The median mortality rate associated with acute-on-chronic liver failure (ACLF) has been reported to range from 50% to 90%5, which is different from that with hepatitis flares. In China, the plasma exchange-centred artificial liver support system has improved the prognosis of HBV-caused ACLF (HBV-ACLF), but the 1-month mortality rate remains high at 38.4%4. A better understanding of the molecular mechanisms of the development and progression of immune-active CHB and HBV-ACLF may allow a more accurate prediction of their outcomes and the optimisation of therapeutic regimens. Therefore, reliable and effective diagnosis and treatment strategies are urgently needed.

Exosomes are spheroidal particles with a lipid bilayer membrane, containing various classes of nucleic acids, proteins, and lipids6. Exosomes have been recognised as universal intercellular communication vesicles released by cells and able to horizontally transfer biochemical signals from cell to cell, thereby affecting cell functions in both physiological and pathological conditions7. Exosomes contain different types of RNAs, both coding and non-coding. Coding RNAs include messenger RNAs (mRNAs), and non-coding RNAs (ncRNAs) include microRNAs (miRNAs), long noncoding RNAs (lncRNAs), and circular RNAs (circRNAs). Different cell types produce different quantities of RNAs under specific conditions, such as hypoxia, oxidative stress, and infections, which may modulate the host’s immune system8,9. In recent years, it has been revealed that exosomes and their contents participate in the human immune response caused by HBV. Hepatitis B viral components present in exosomes are transmitted into naïve human hepatocytes and NK cells, thus resulting in active infection and NK-cell dysfunction, with the latter partly attributed to the suppression of the nuclear factor-κB (NF-κB) and p38 mitogen-activated protein kinase (MAPK) signalling pathways10. Kouwaki et al.11 found increased levels of immunoregulatory miRNAs in exosomes from hepatocytes infected with HBV, which were then transferred to macrophages, thereby suppressing IL-12p35 mRNA expression in macrophages to counteract the host innate immune response.

LncRNAs found in circulating exosomes appear to be promising biomarkers, owing to their involvement in various biological processes, including critical steps in hepatic carcinoma development12. Susluer et al.13 found different lncRNA expression patterns in the plasma of patients (classified as chronic, inactive carriers, and resolved) with hepatitis B and predicted the roles of these RNAs. However, the expression patterns and roles of RNAs present in circulating exosomes in patients with HBV-caused liver injury are not well understood. Information on gene expression in serum exosomes of these patients could provide molecular clues about regulatory pathways and networks in different types of liver injury caused by HBV and help identify gene targets for diagnosis and therapy.
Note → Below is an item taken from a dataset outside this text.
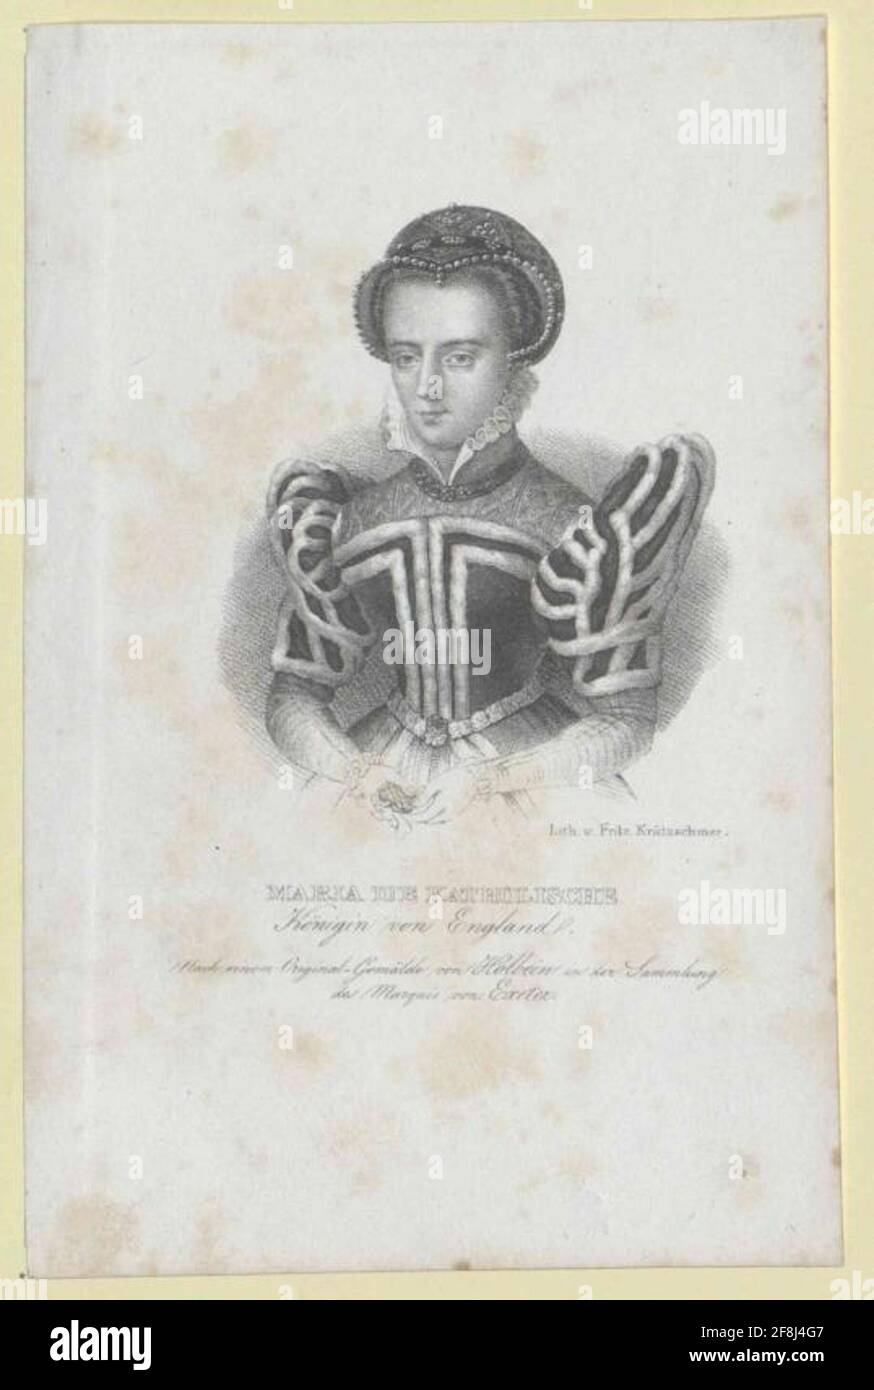 Maria I, Queen of England Publisher: Kneisel, August painter: Holbein, Hans (The Younger) Stecher: Krätzschmer, Franz Friedrich Adolph Verlagsort: Leipzig Stock Photo

Thus, we investigated differentially expressed mRNAs, lncRNAs, and circRNAs in circulating exosomes from patients with CHB and ACLF using RNA sequencing to understand the molecular patterns of mRNAs and ncRNAs.

Results

RNA expression profiles in serum exosomes from healthy control (HC), CHB, and HBV-ACLF individuals

By mapping RNA sequencing reads to the Genome Reference ConsortiumHuman genome build 38 (GRCh38_year_2014), we obtained the gene expression profiles of serum exosomes. A total of 21,022 (HC), 22,751 (CHB), and 24,436 (HBV-ACLF) expressed genes were identified, of which 15,593, 16,328, and 16,784 were coding genes in HC individuals and CHB and HBV-ACLF patients, respectively. Various types of RNAs, including mRNAs, lncRNAs, and circRNAs, were secreted into exosomes, and their proportions were similar among the three groups of samples (Fig. 1a). LncRNAs and mRNAs had higher expression levels in serum exosomes from the HBV-ACLF samples than in those from the HC and CHB samples. In contrast, circRNAs had lower expression levels in the HBV-ACLF patients than in the HC and CHB subjects (Fig. 1b).

Figure 1
figure 1

General gene expression profiles among CHB and HBV-ACLF patients and HC individuals. (a) Different types of RNAs were secreted into circulating exosomes (shown in different colours). The proportions of different types of genes were similar in each sample. (b) Log10(FPKM + 1) values of mRNAs, lncRNAs, circRNAs, and other RNAs are shown in the three groups.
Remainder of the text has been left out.